The dichotomy is making my bones itch.

[–] [email protected] 25 points 8 months ago (1 children)

It dosent have any mispelings.

[–] [email protected] 11 points 8 months ago (1 children)

But feal there maey be a does of misspelt words in your setnence thoungh

[–] [email protected] 5 points 8 months ago

That mite bee! I will cheque!

[–] [email protected] 6 points 8 months ago

I'm pretty sure OP speaks English as a second language.

[–] [email protected] 32 points 8 months ago

stackoverflow vs posting a meme.

Which one gets the best help?

I can see the appeal of the meme option.

[–] [email protected] 22 points 8 months ago (7 children)

Context:

I have 2 Terminals open, in one is a Python Terminal Chat client running(pt3). I want to sent text from the other terminal(pt2) to the chat. It does write the text to pt3 but pt3 dosent 'see' the text.

If i send over "hallo world" it prints on the terminal but dosent show up in chat.

github of the python termina terminal chat

[–] [email protected] 15 points 8 months ago

My first thought was, can you flush the buffer?

[–] [email protected] 11 points 8 months ago (1 children)
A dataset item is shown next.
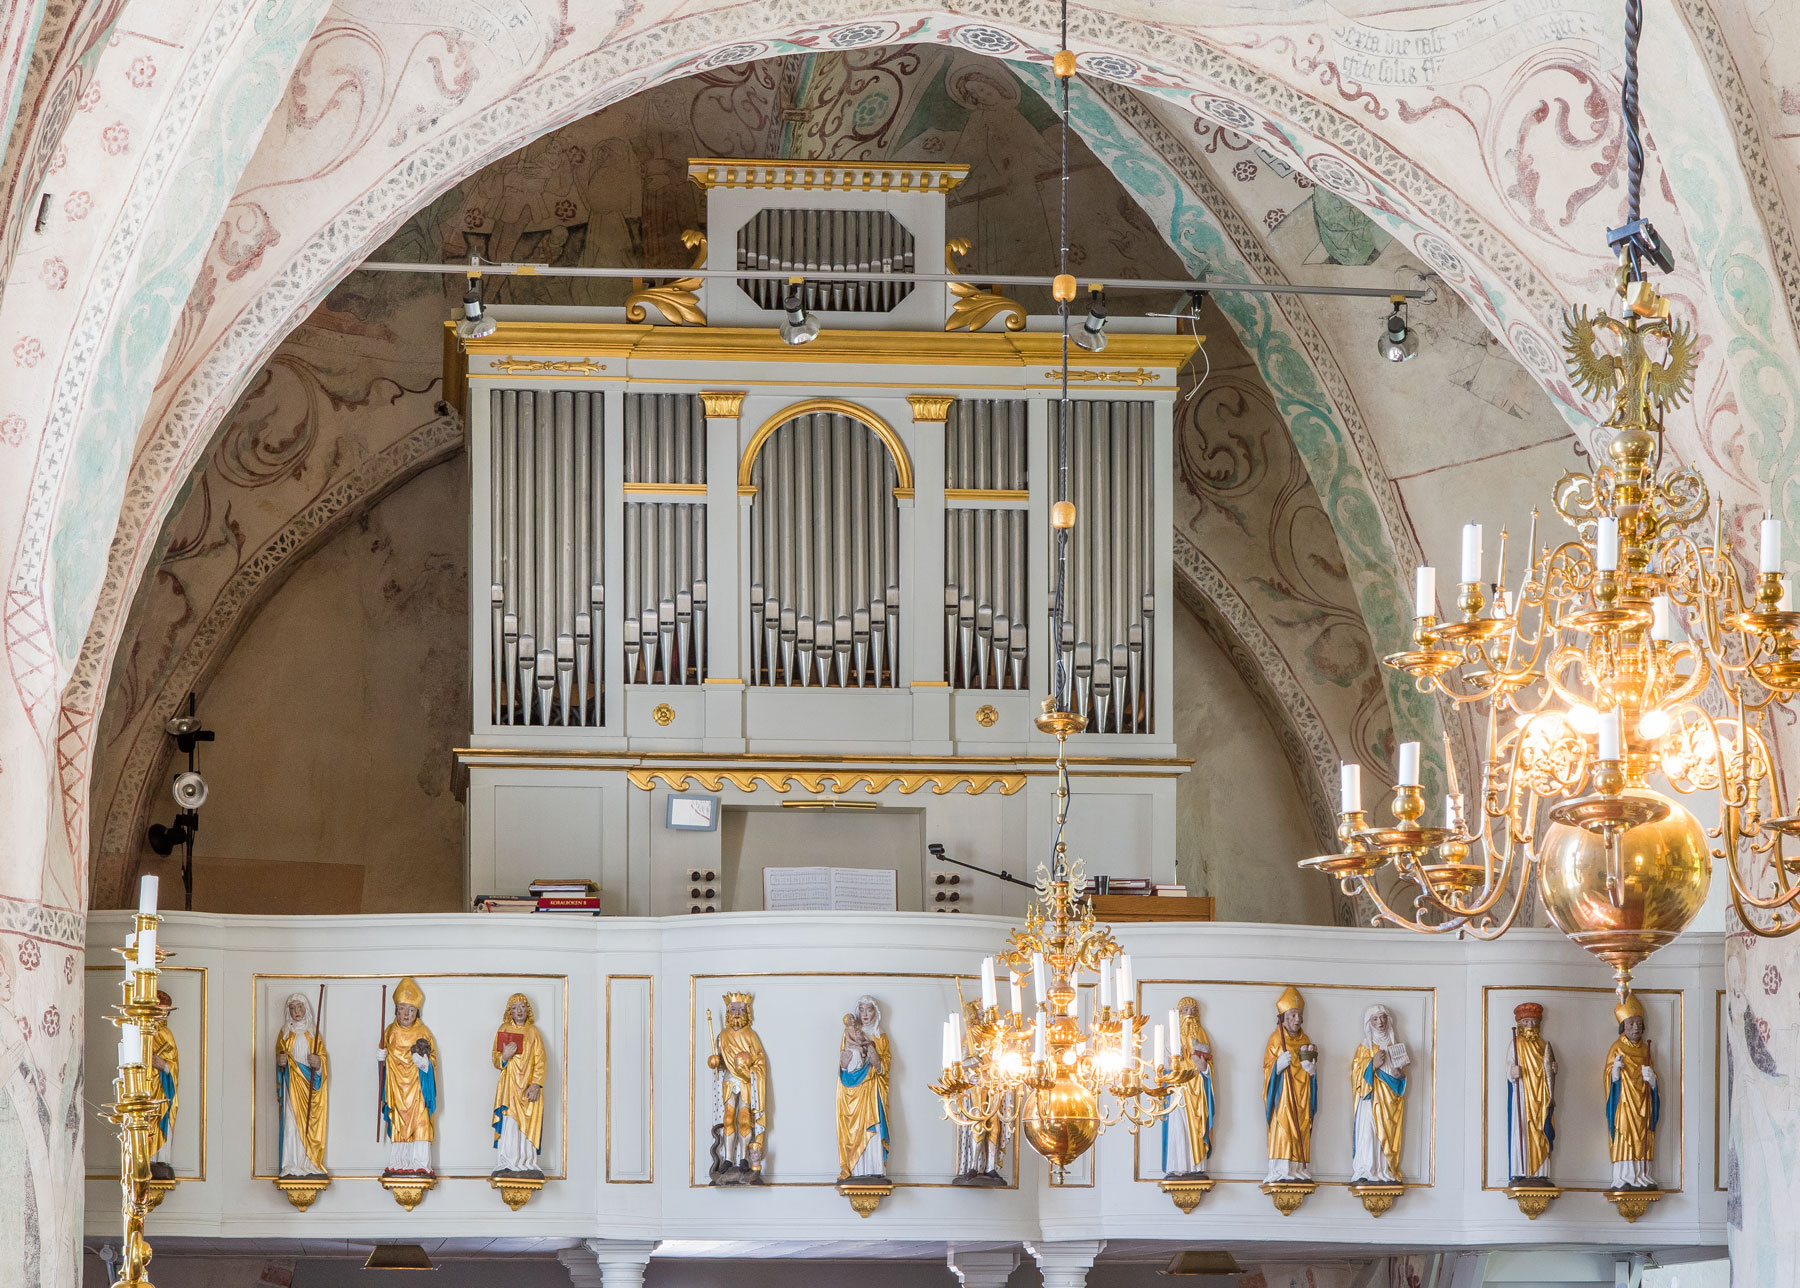 Orgel - Övergrans kyrka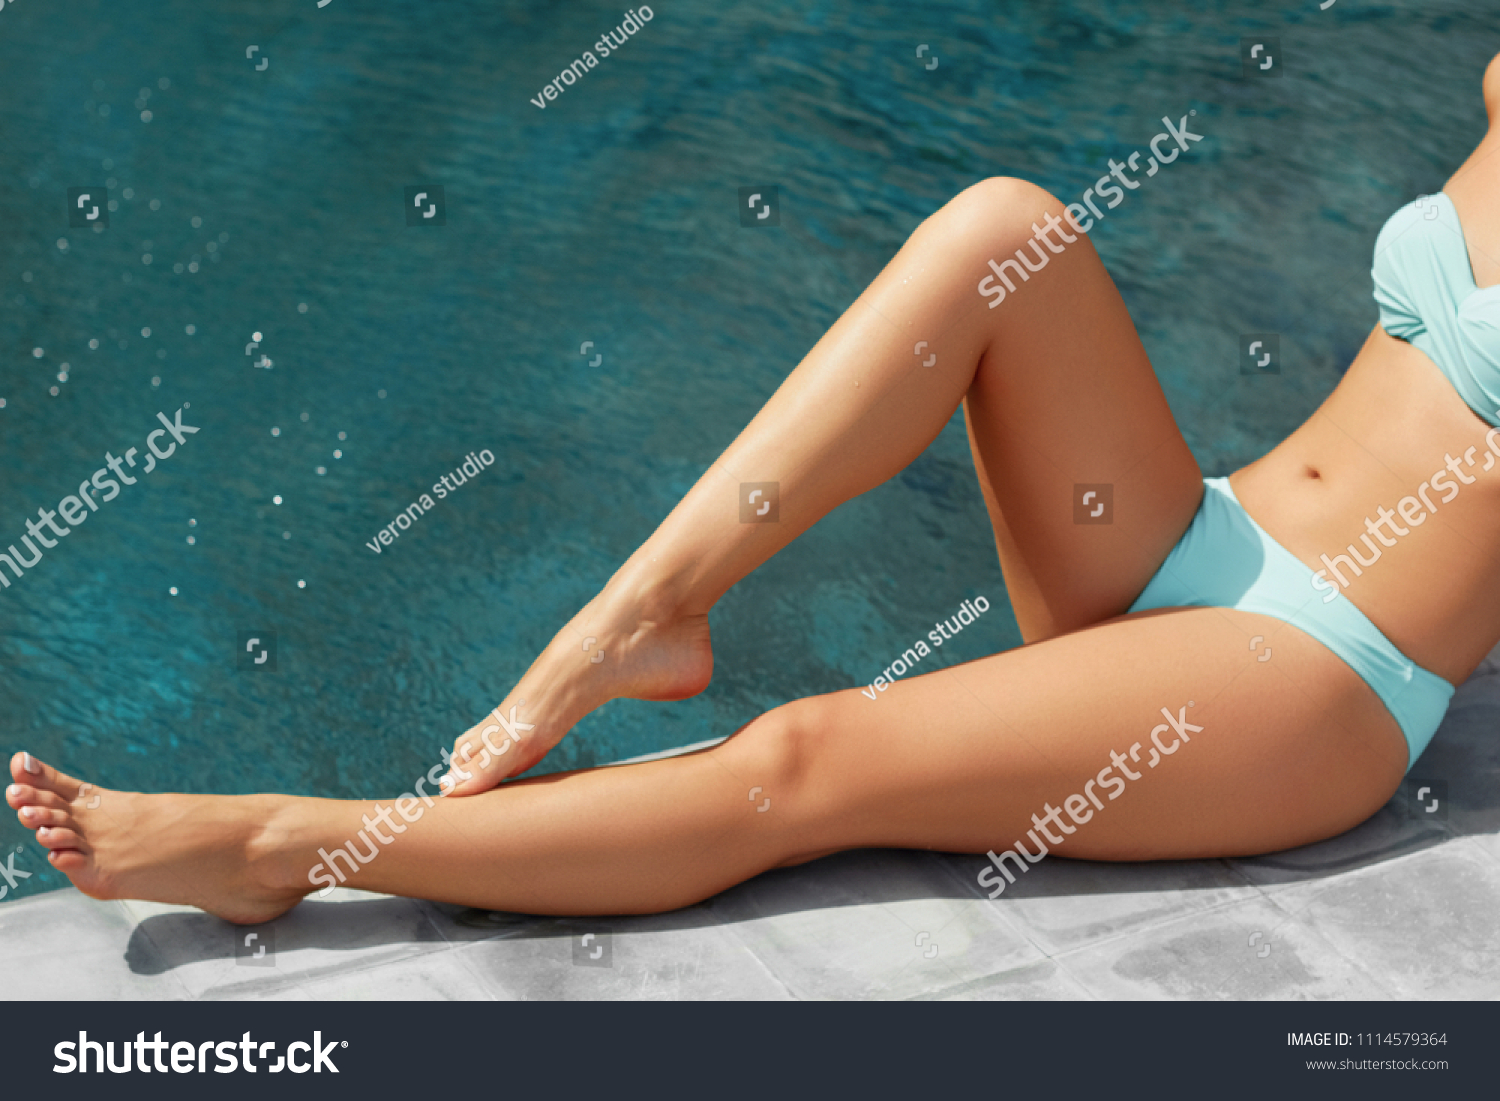 Sexy Suntan Bikin Woman Legs Relaxing Stock Photo 1114579364 Shutterstock

A PTS is a single character device. Writing to it causes output to appear on the terminal buffer, reading from it reads from the input buffer. So, writing to it like you do from a separate shell effectively does the same as calling print() from python which has it as inherited stdio. There is a way to write to a PTS input buffer but it's not straightforward and works in a completely different way. Use something like tmux instead, or better, sockets.

[–] [email protected] 4 points 8 months ago

thank you!

tmux did thr tick for me

[–] [email protected] 8 points 8 months ago

Just guessing here but could it be because you haven't set up correctly pt2 as stdin for pt3, try to invoke the command as

script.py 
[–] [email protected] 4 points 8 months ago

This is because the "tty" (by which I mean the device named by the output of ´tty´) is only displaying what is sent to it. Be it from the keyboard or pty2.

The fact that the keyboard also fills an input buffer from python has to do with how python and the keyboard are attached to the same input file device which is a separate thing from them having same output file device.

If anything that could output to tty2 could inject inputs to something using tty2 as an input buffer, that would be a security nightmare.

Now, I'll sit back and let Cunningham's law kick in.

[–] [email protected] 3 points 8 months ago* (last edited 8 months ago)

With the correct permission you should be able to write straight into pythons stdin from /proc like

Cat whatever > /proc/$pythonpid/fd/0

[–] [email protected] 3 points 8 months ago

Named pipes are your friends. Or sockets.

[–] aspirate2959 2 points 8 months ago

https://unix.stackexchange.com/questions/281319/tool-to-watch-other-ttys-for-linux

I've not played with it, but I used bsd "watch" and this is advertised as similar.